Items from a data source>
====================
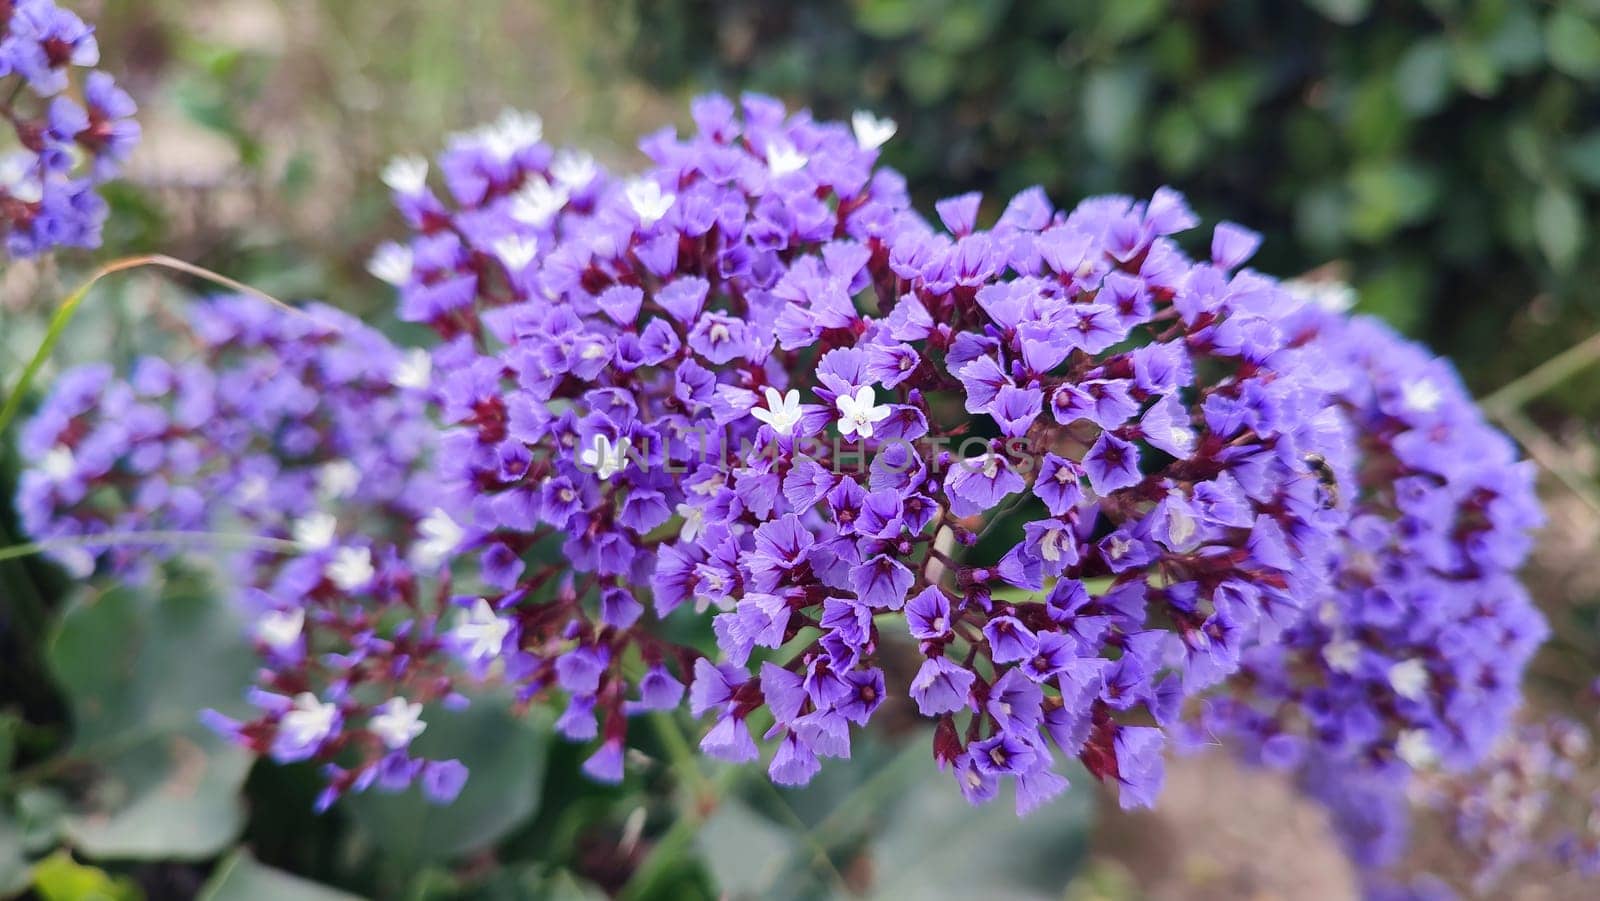 purple decorative flowers in the flowerbed, nature, spring, summer, botany. High quality photo
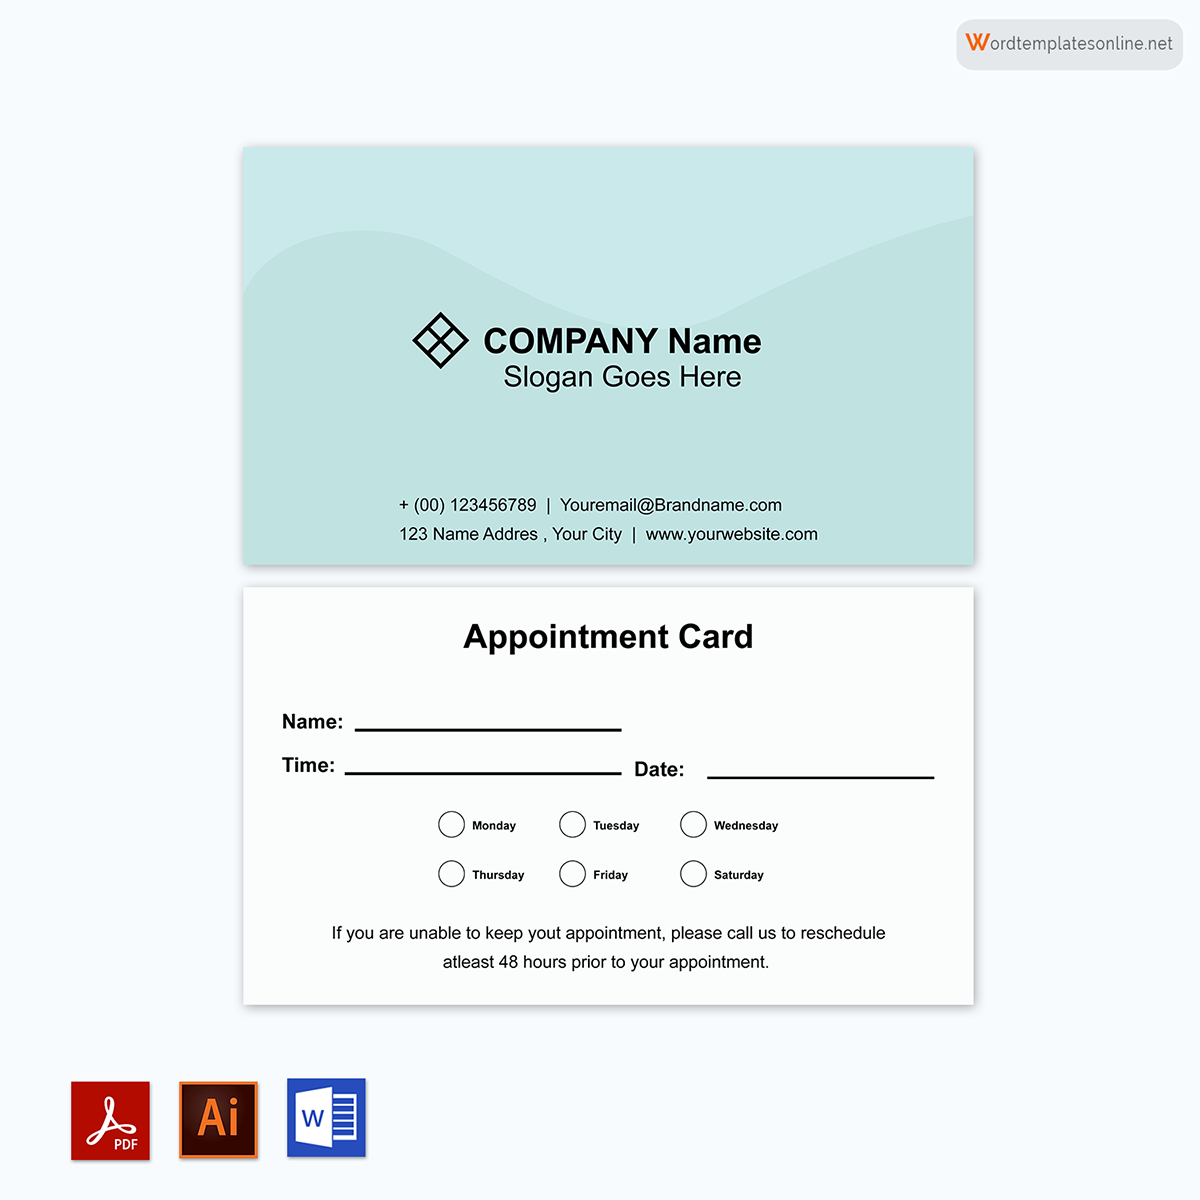 Editable Appointment Card Template - Free Download
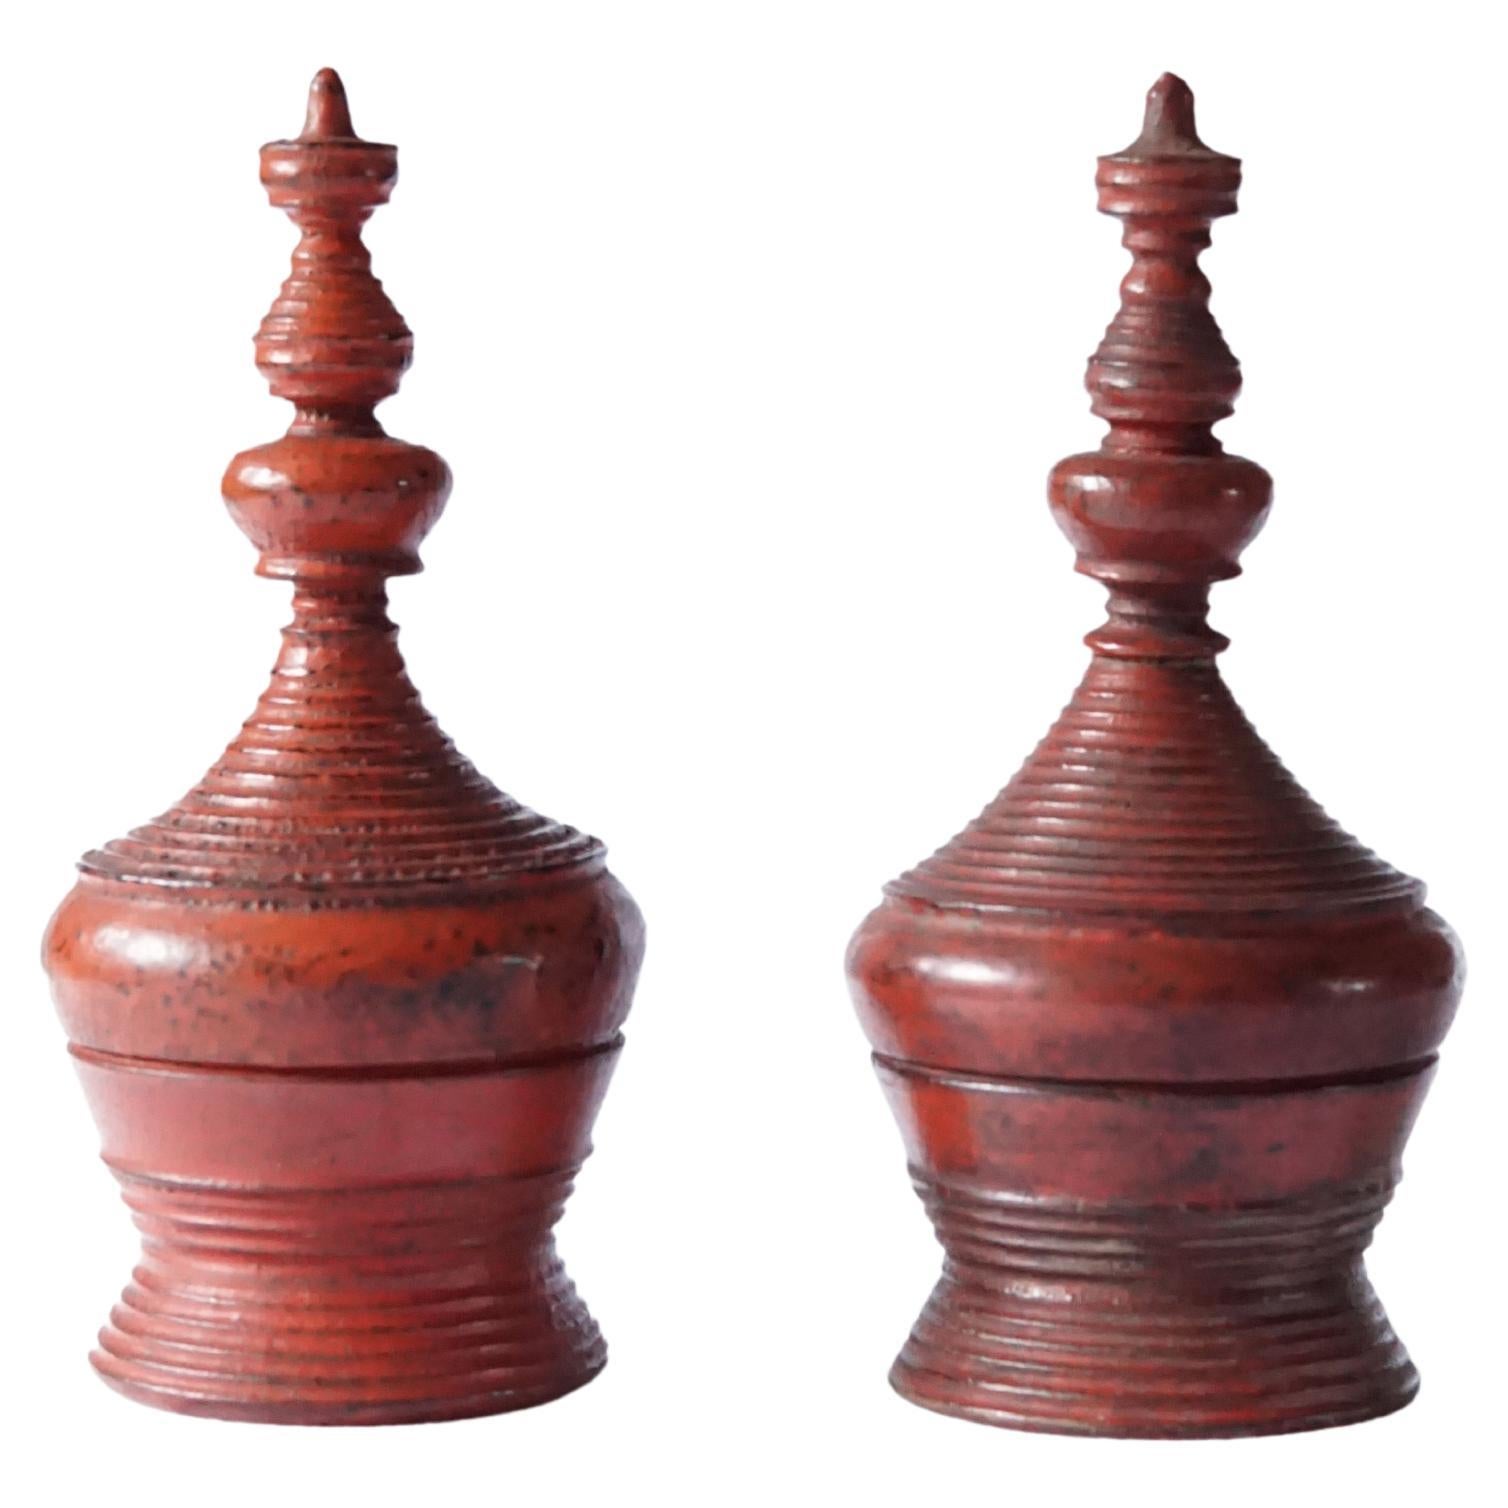 Pair of Small Burmese Lacquer Offering Vessels, "Hsun Ok", c. 1900
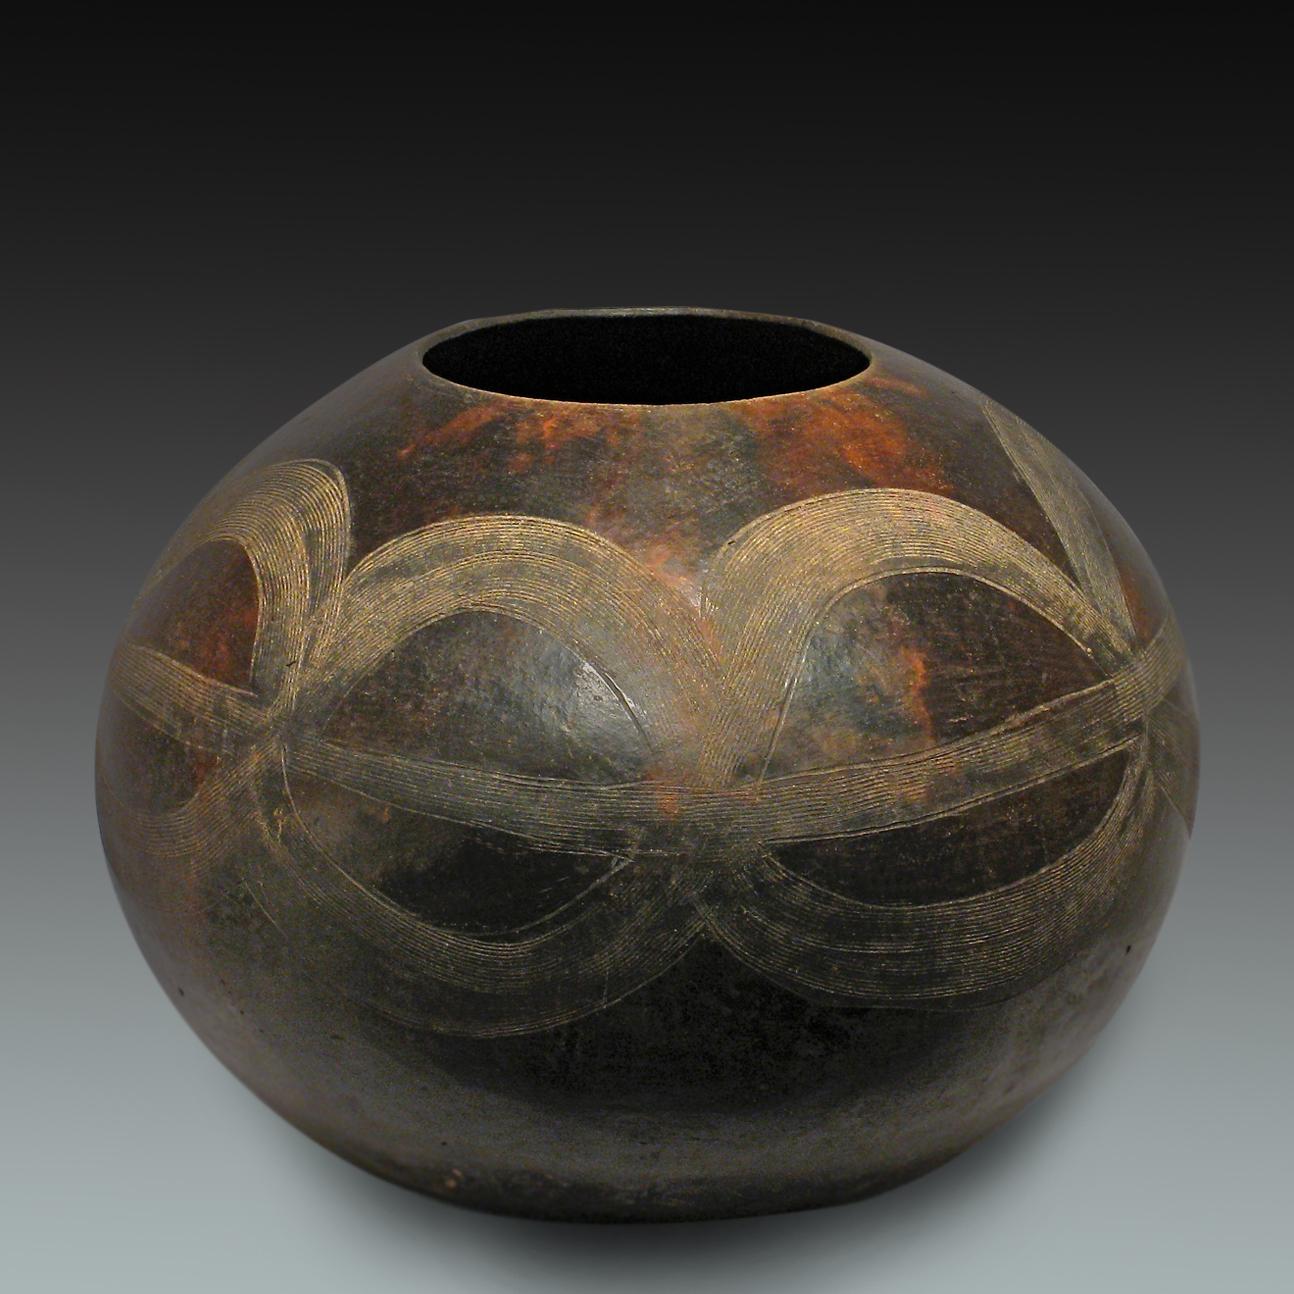 South African Mid-20th Century Tribal African Pot, Zulu Ukhamba, South Africa
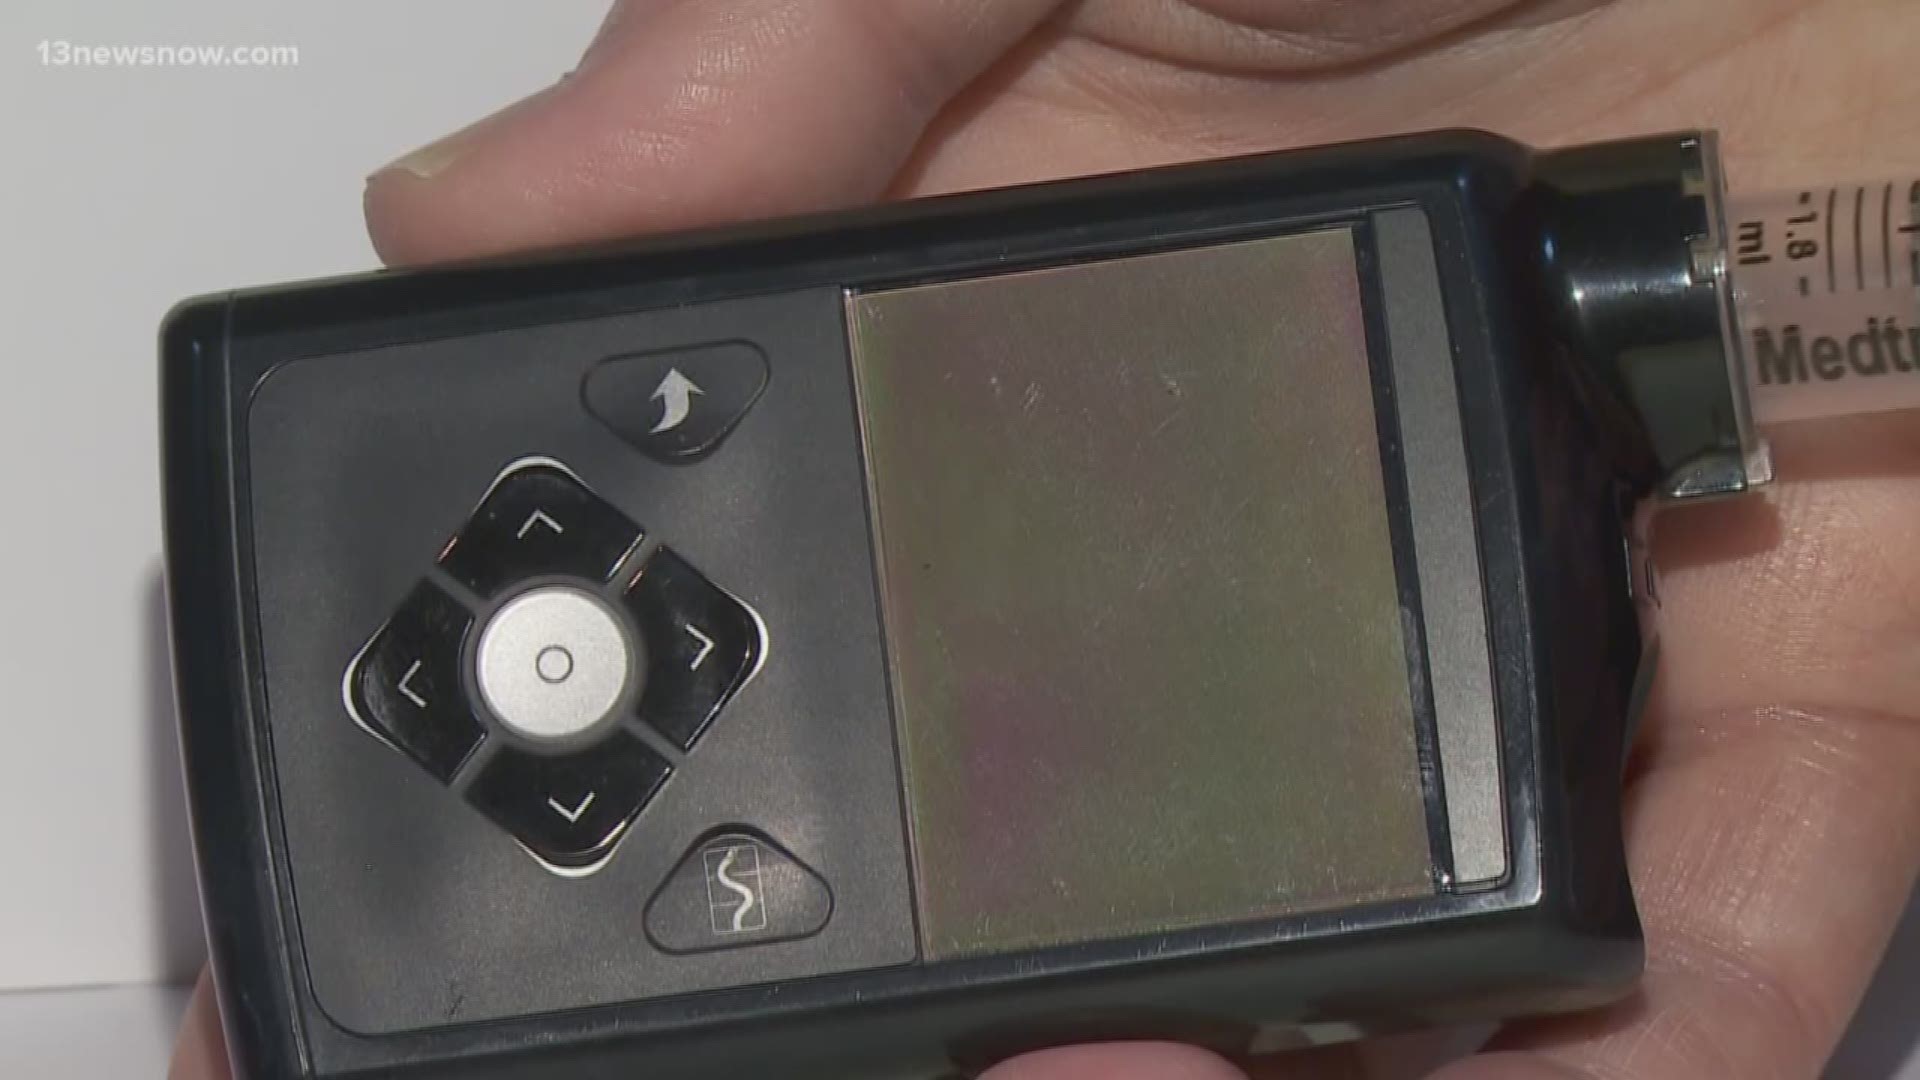 13News Now Meghan Puryear spoke with a local educator to learn more about the potential impacts of this insulin pump recall.
====================
WHAT YOU NEED TO DO>
The copy must match each record exactly, apart from the images, which stay out.

ANSWER FOR THE TASK>
 purple decorative flowers in the flowerbed, nature, spring, summer, botany. High quality photo
 Editable Appointment Card Template - Free Download
 Pair of Small Burmese Lacquer Offering Vessels, "Hsun Ok", c. 1900
 South African Mid-20th Century Tribal African Pot, Zulu Ukhamba, South Africa
 13News Now Meghan Puryear spoke with a local educator to learn more about the potential impacts of this insulin pump recall.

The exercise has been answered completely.